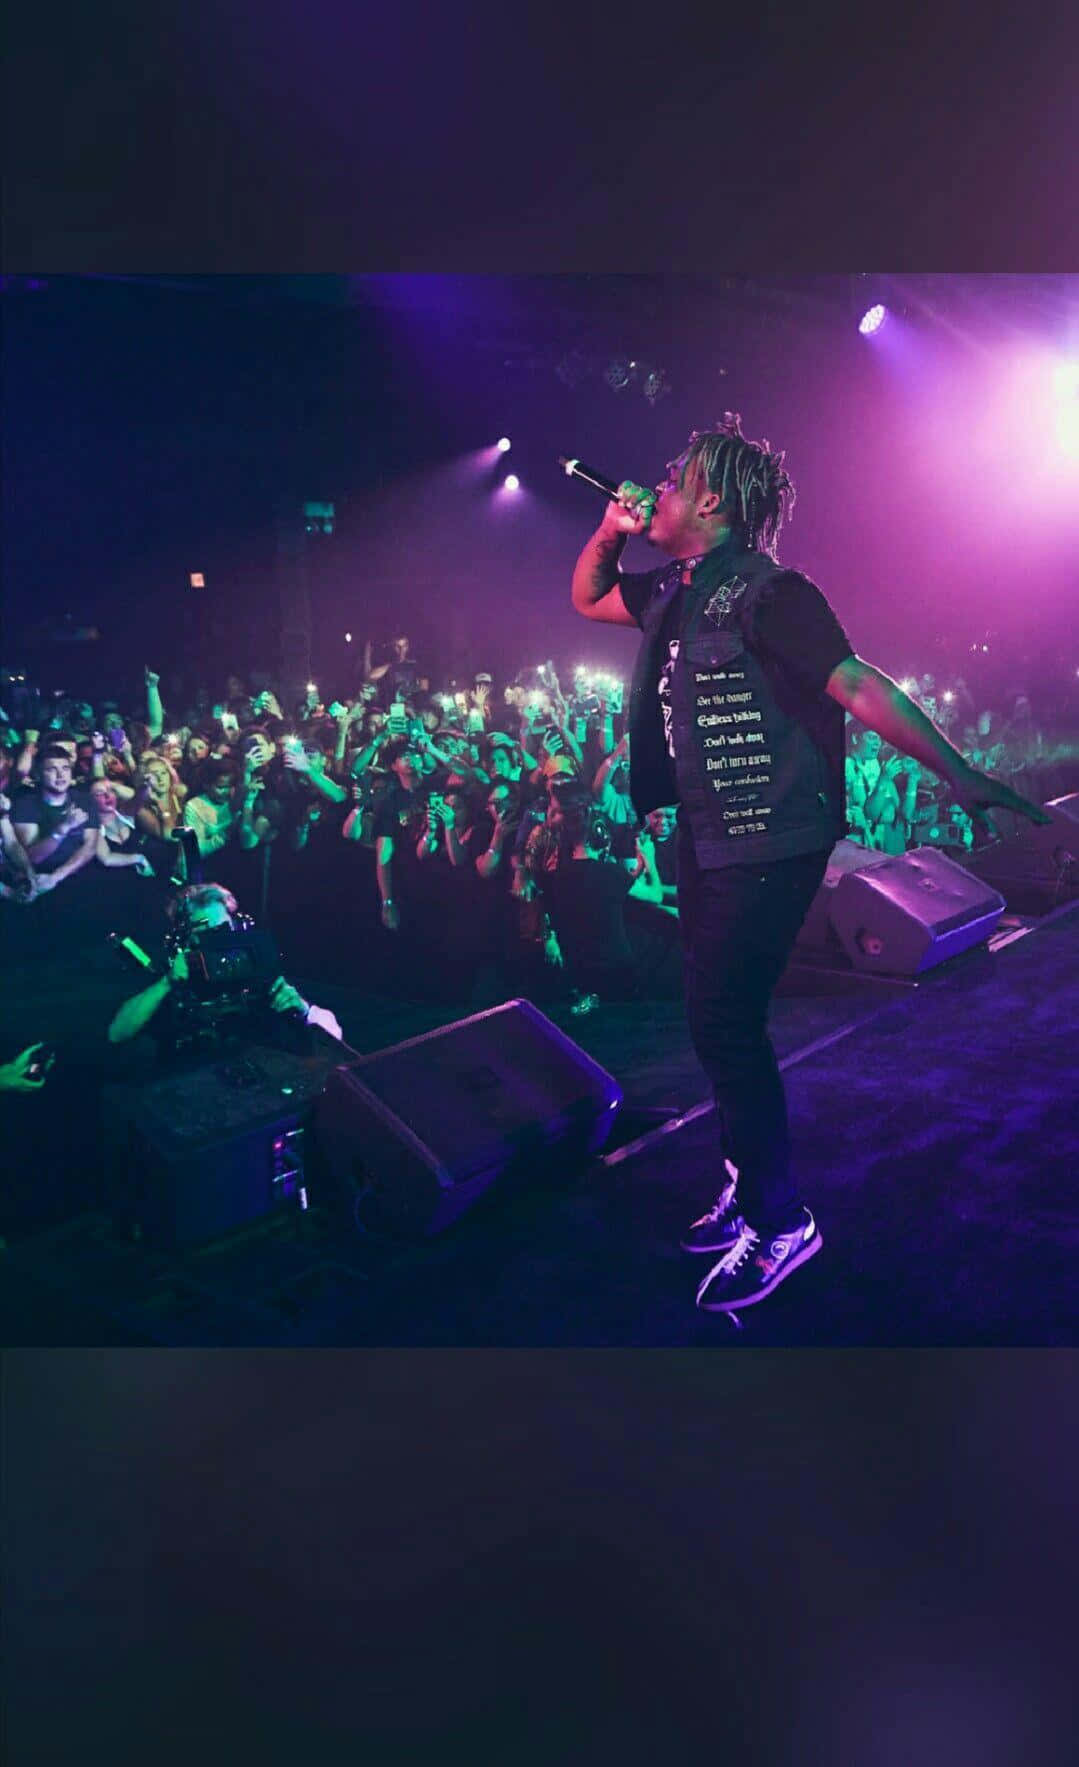 "Feeling inspired after seeing Juice Wrld in concert!" Wallpaper
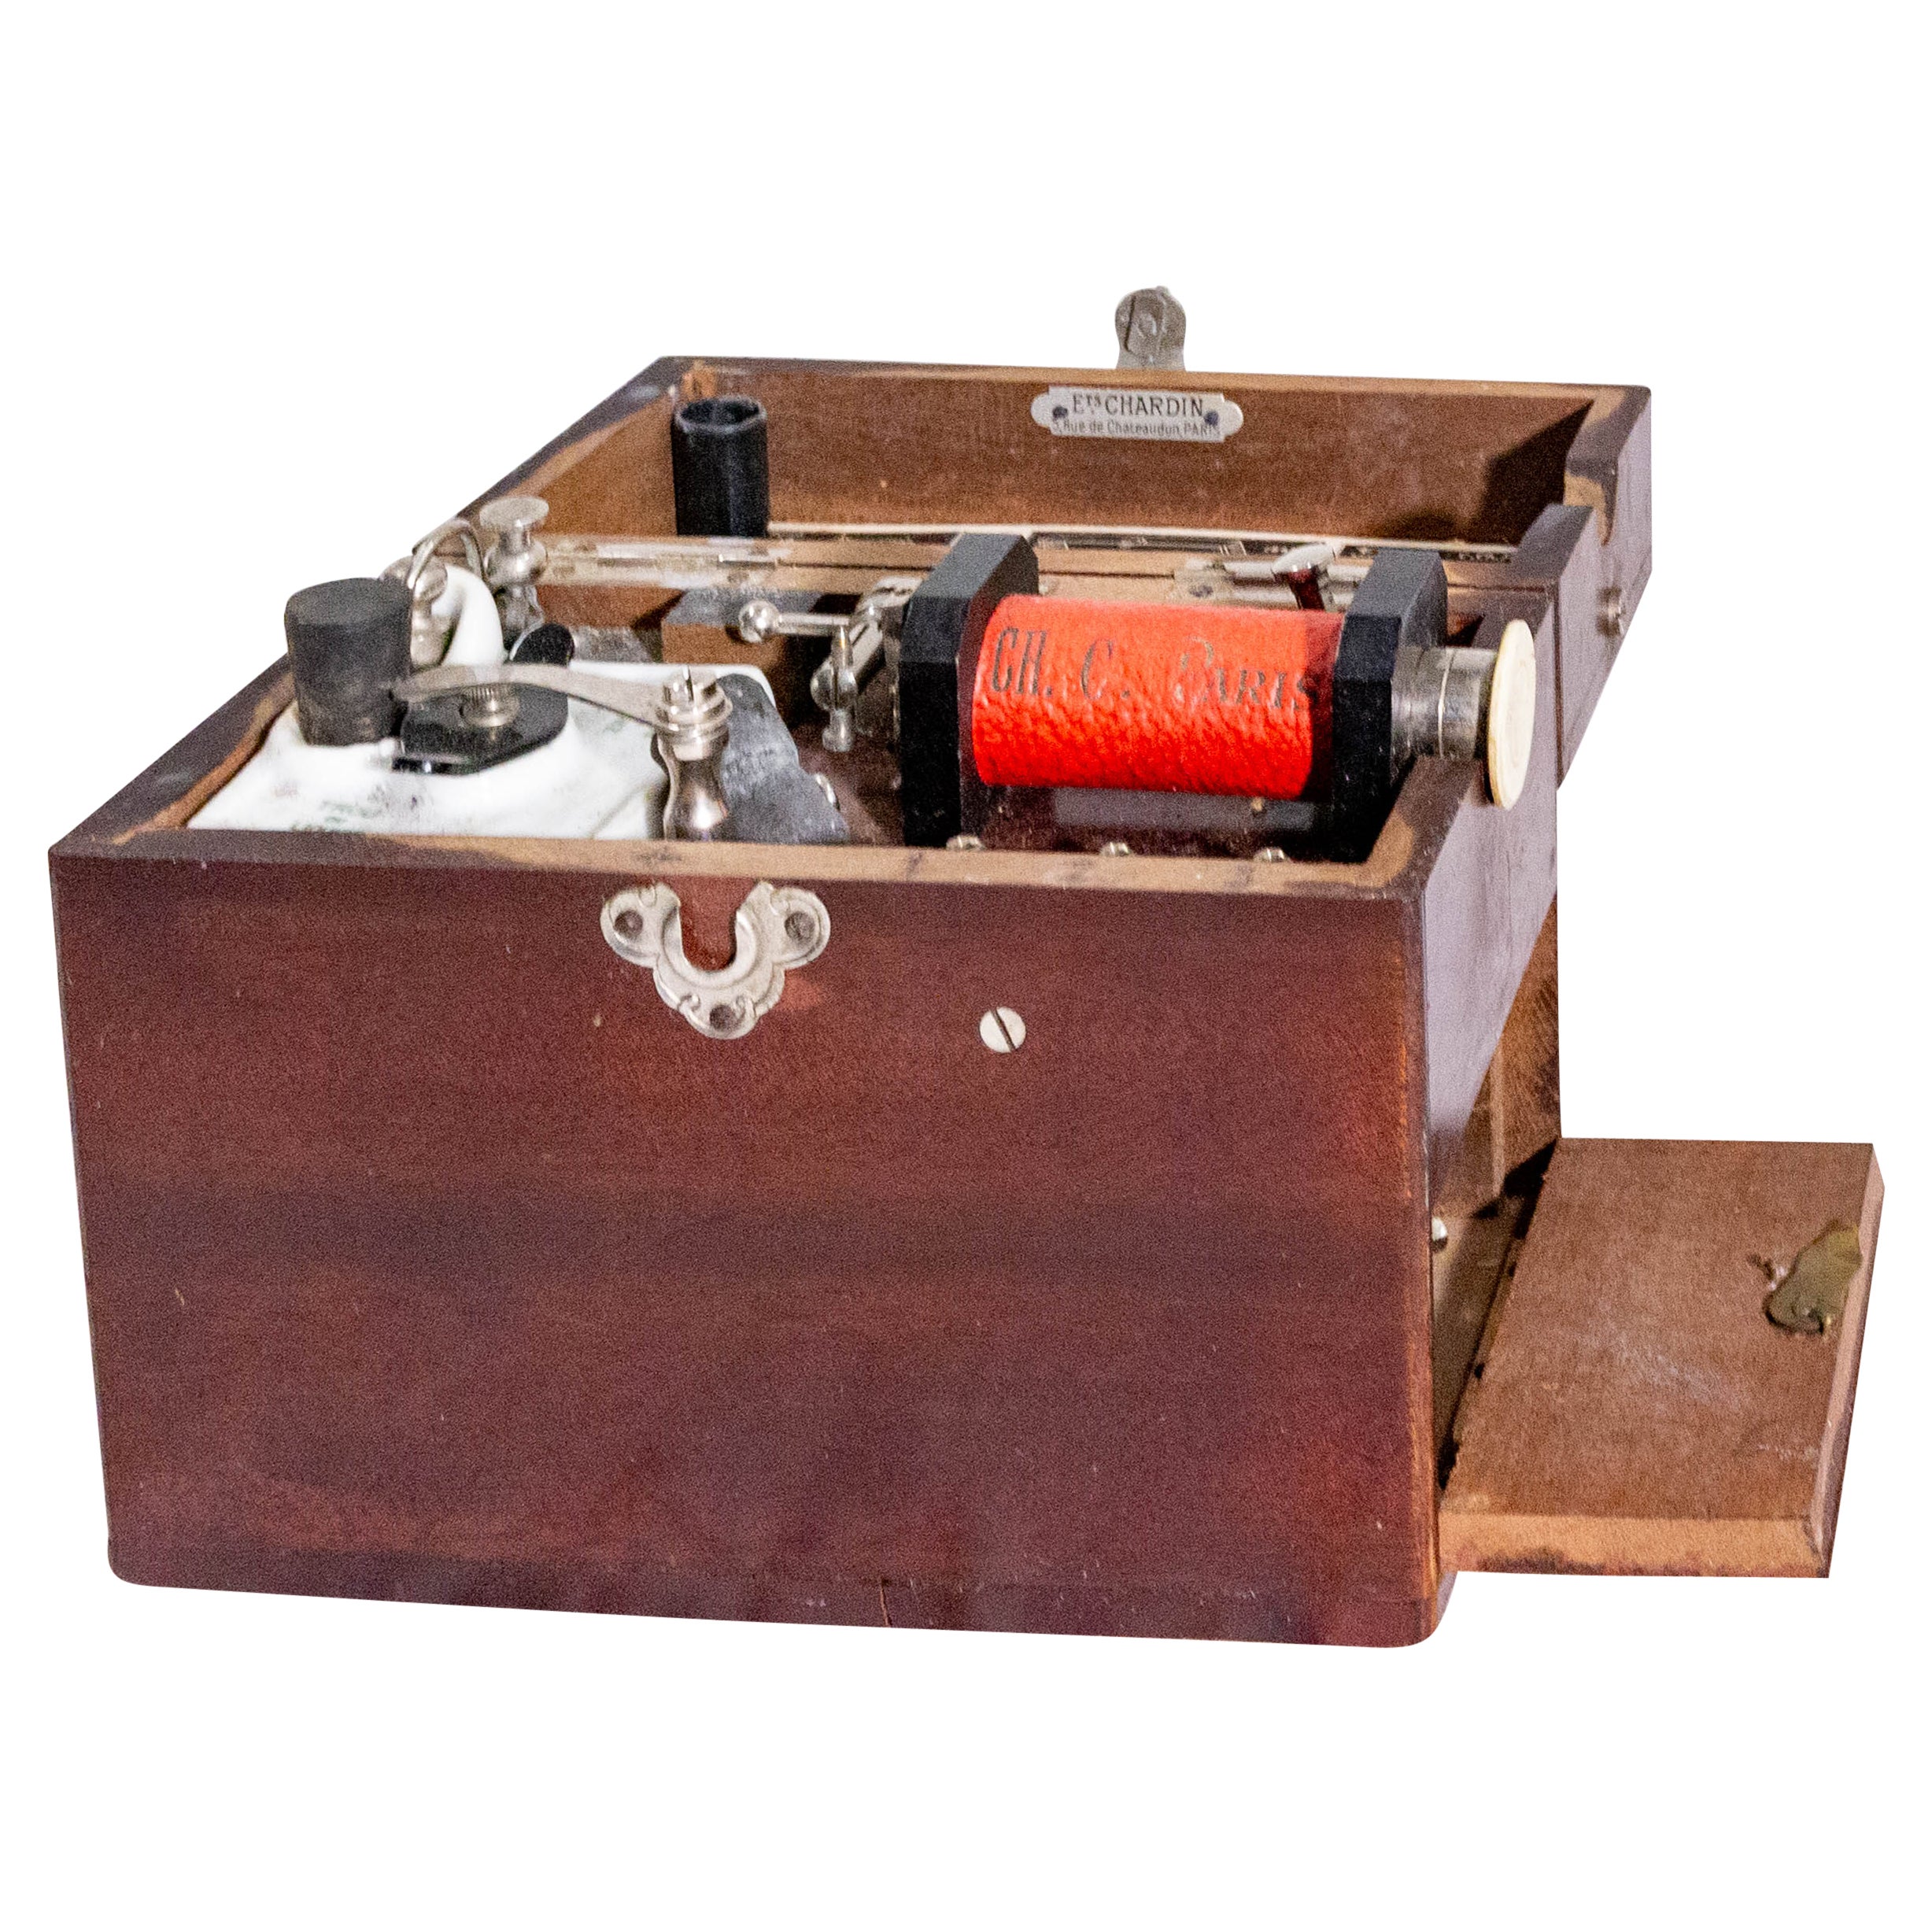 Antique Electromedical Device from Chardin in Wooden Case, France, circa 1910 For Sale
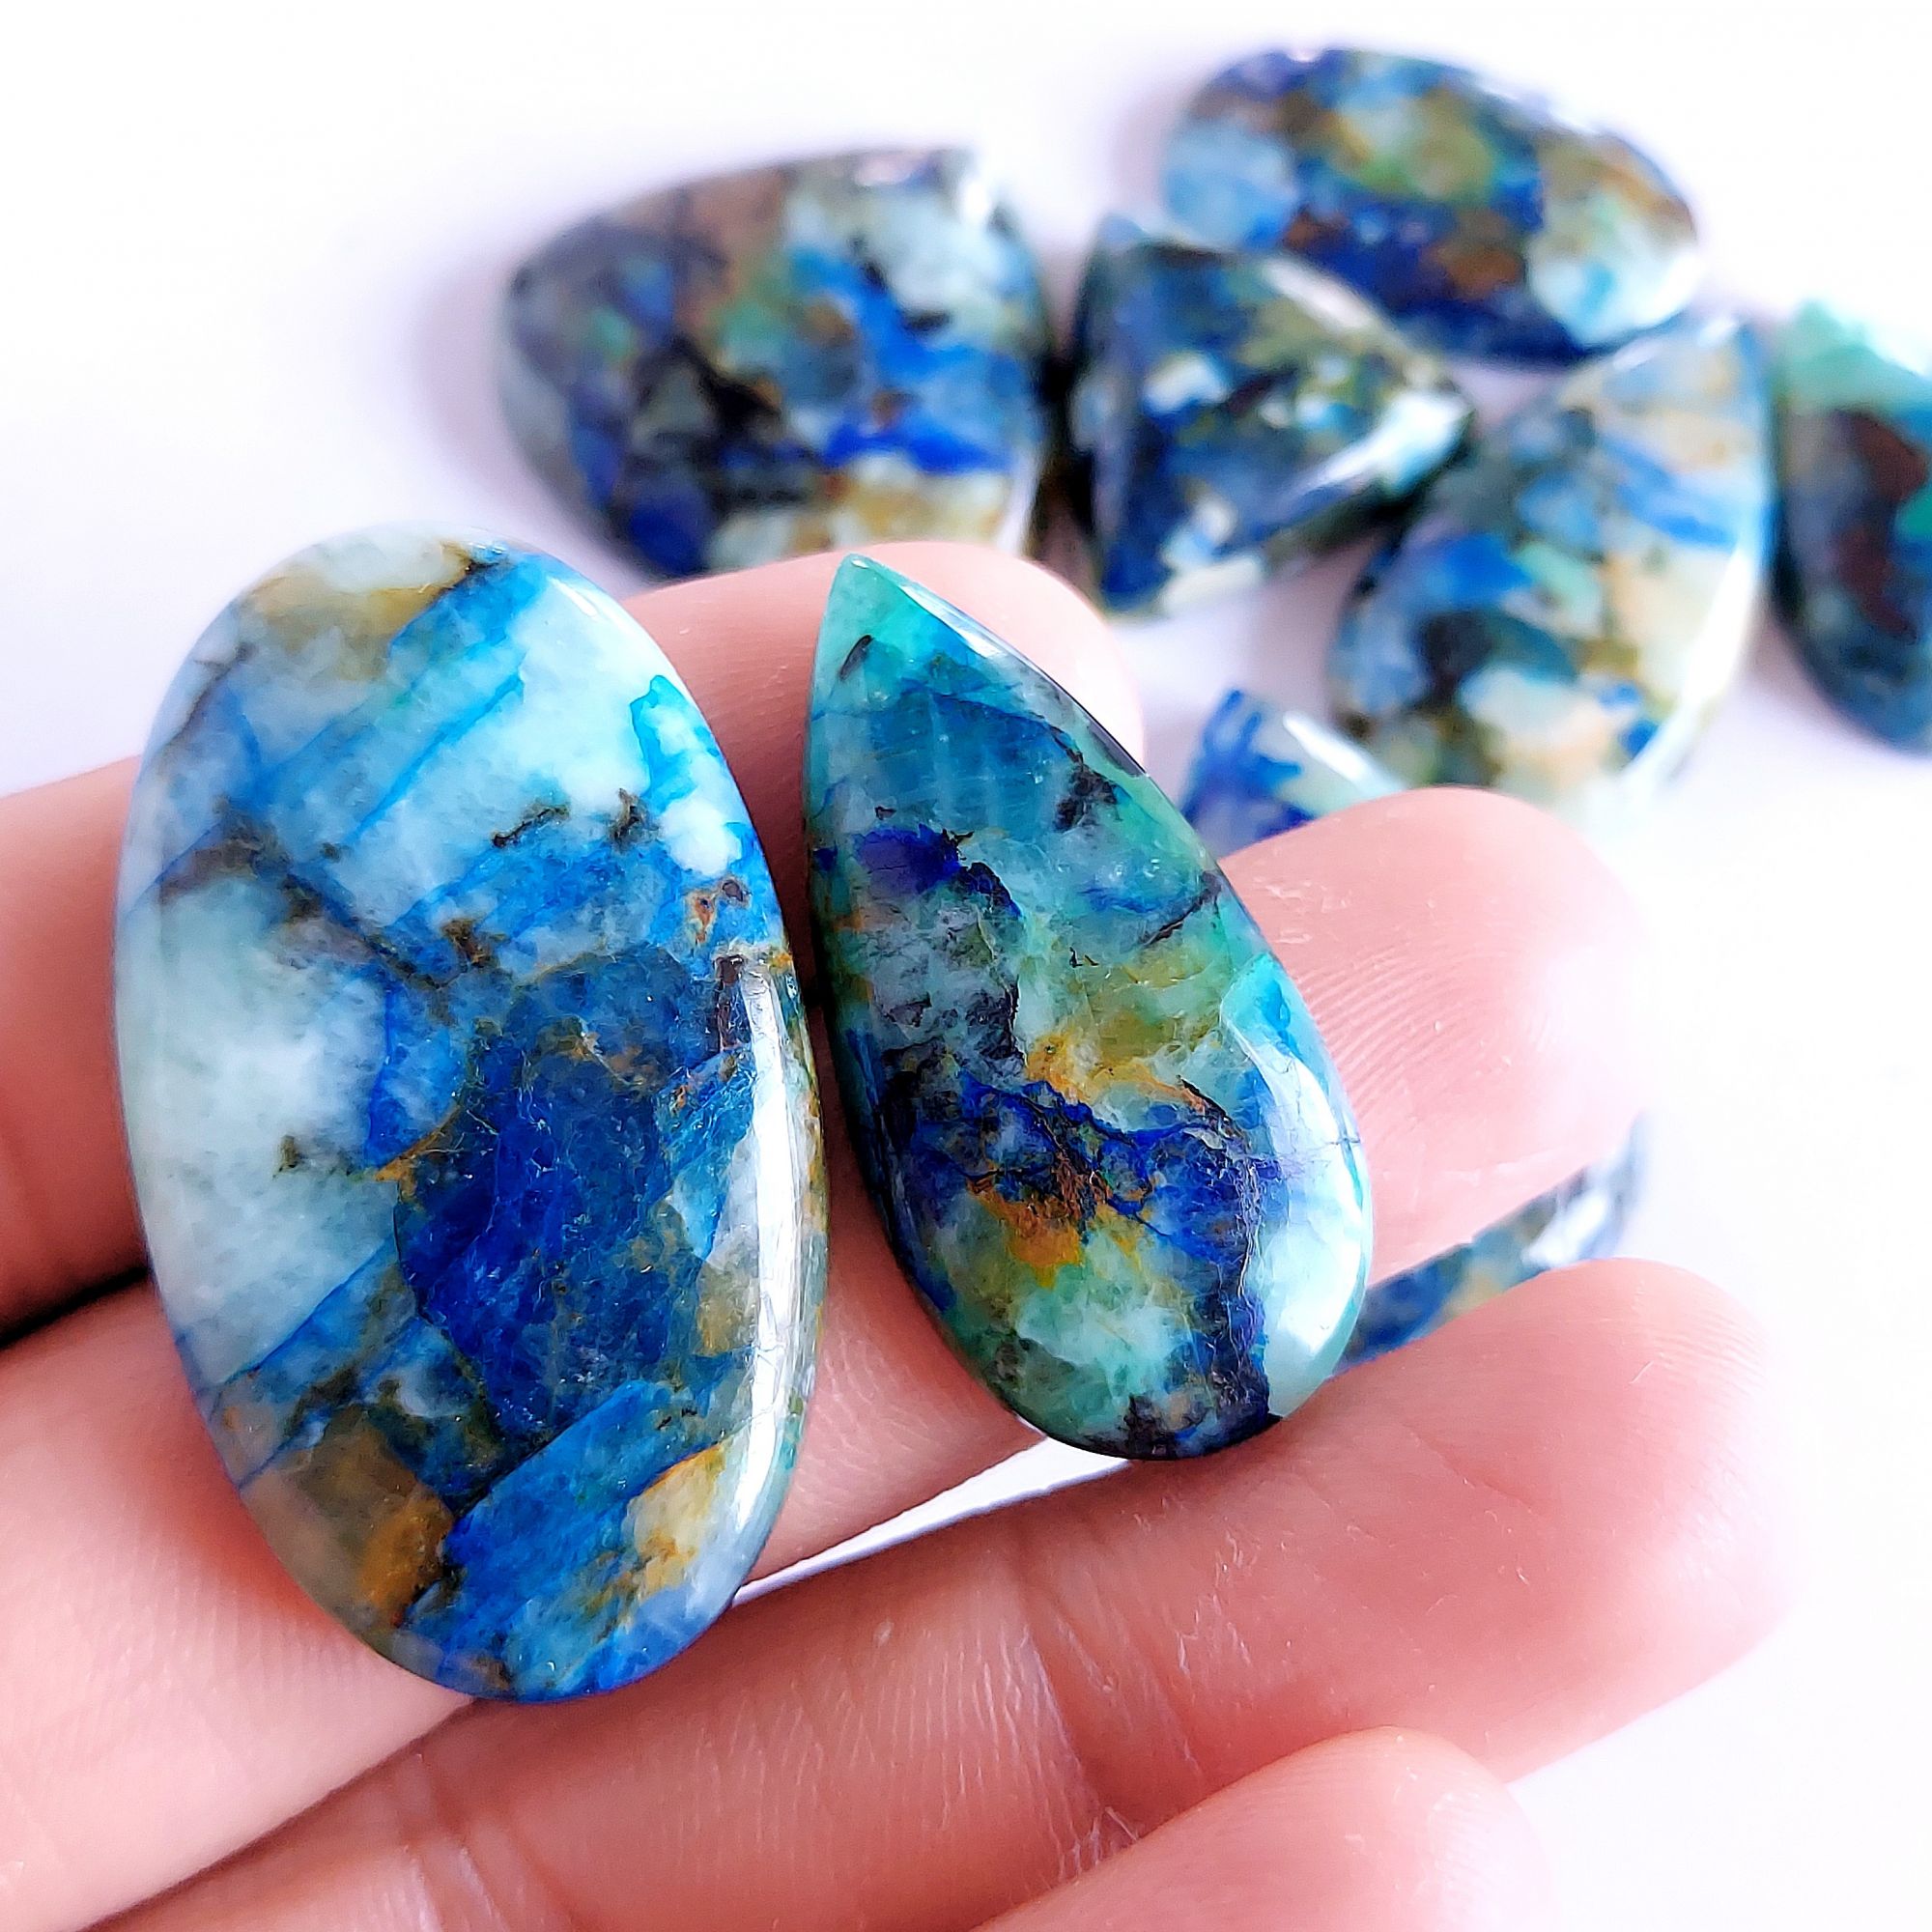 297.Cts 9 Pcs Natural Smooth Azurite Mix Loose Gemstone Cabochon Lot Size 40x24 27x19mm Wholesale Gemstone For jewelry
● ● ● ● ●
EXERCISE DETAILS: Every line from the line containing "Antique Electromedical Device" through the last line above is to be printed exactly. Pictures are not copied.

OUTPUT FOR THIS EXERCISE:
 Antique Electromedical Device from Chardin in Wooden Case, France, circa 1910 For Sale
 297.Cts 9 Pcs Natural Smooth Azurite Mix Loose Gemstone Cabochon Lot Size 40x24 27x19mm Wholesale Gemstone For jewelry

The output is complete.